Opposing forces influence assortative mating so that one seeks a similar mate while at the same time avoiding inbreeding with close relatives. Thus, mate choice may be a balancing of phenotypic similarity and dissimilarity between partners. In the present study, we assessed the role of resemblance to Self’s facial traits in judgments of physical attractiveness. Participants chose the most attractive face image of their romantic partner among several variants, where the faces were morphed so as to include only 22% of another face. Participants distinctly preferred a “Self-based morph” (i.e., their partner’s face with a small amount of Self’s face blended into it) to other morphed images. The Self-based morph was also preferred to the morph of their partner’s face blended with the partner’s same-sex “prototype”, although the latter face was (“objectively”) judged more attractive by other individuals.

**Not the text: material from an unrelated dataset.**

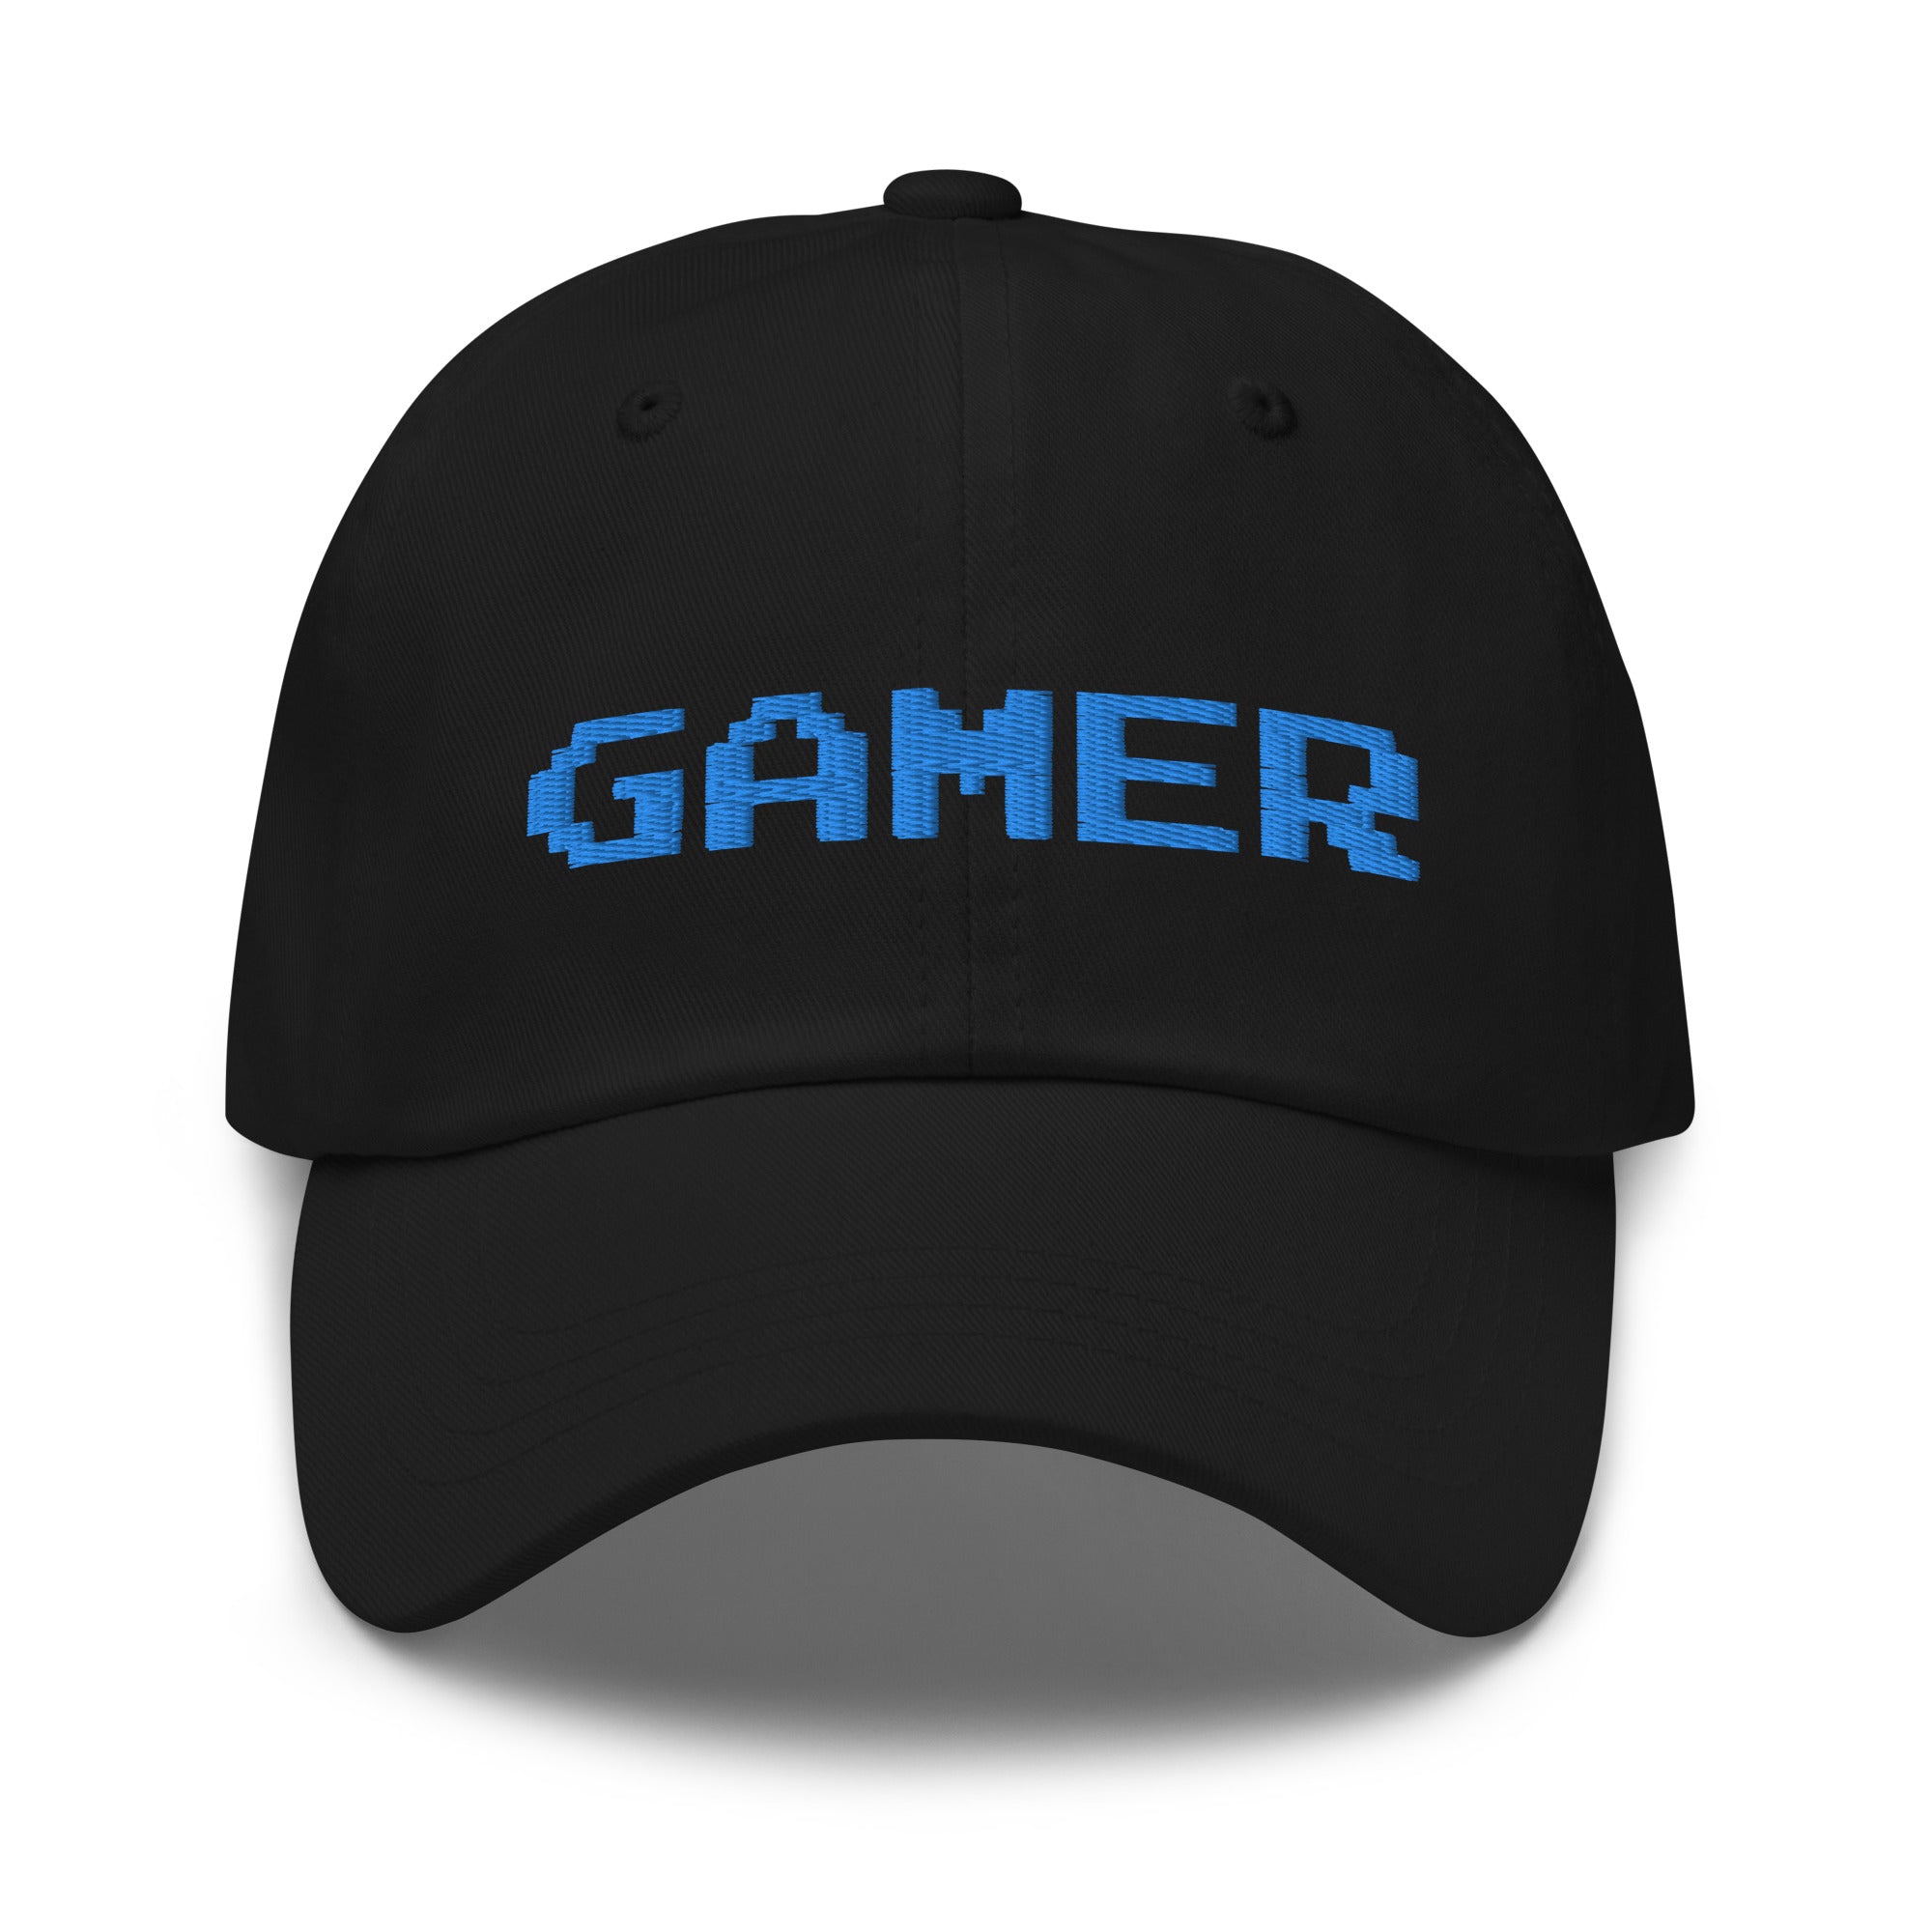 8 Bit Gamer Embroidered Baseball Cap 80's Retro Style Gaming Blue Thread Dad hat - Edge of Life Designs

When ranking morphs differing in level of amalgamation (i.e., 11% vs. 22% vs. 33%) of another face, the 22% was chosen consistently as the preferred morph and, in particular, when Self was blended in the partner’s face. A forced-choice signal-detection paradigm showed that the effect of self-resemblance operated at an unconscious level, since the same participants were unable to detect the presence of their own faces in the above morphs. We concluded that individuals, if given the opportunity, seek to promote “positive assortment” for Self’s phenotype, especially when the level of similarity approaches an optimal point that is similar to Self without causing a conscious acknowledgment of the similarity. [. . .]

Current psychological research on human attractiveness has replaced the relativistic belief that “beauty is in the eye of the beholder” with a universalistic one. [. . .]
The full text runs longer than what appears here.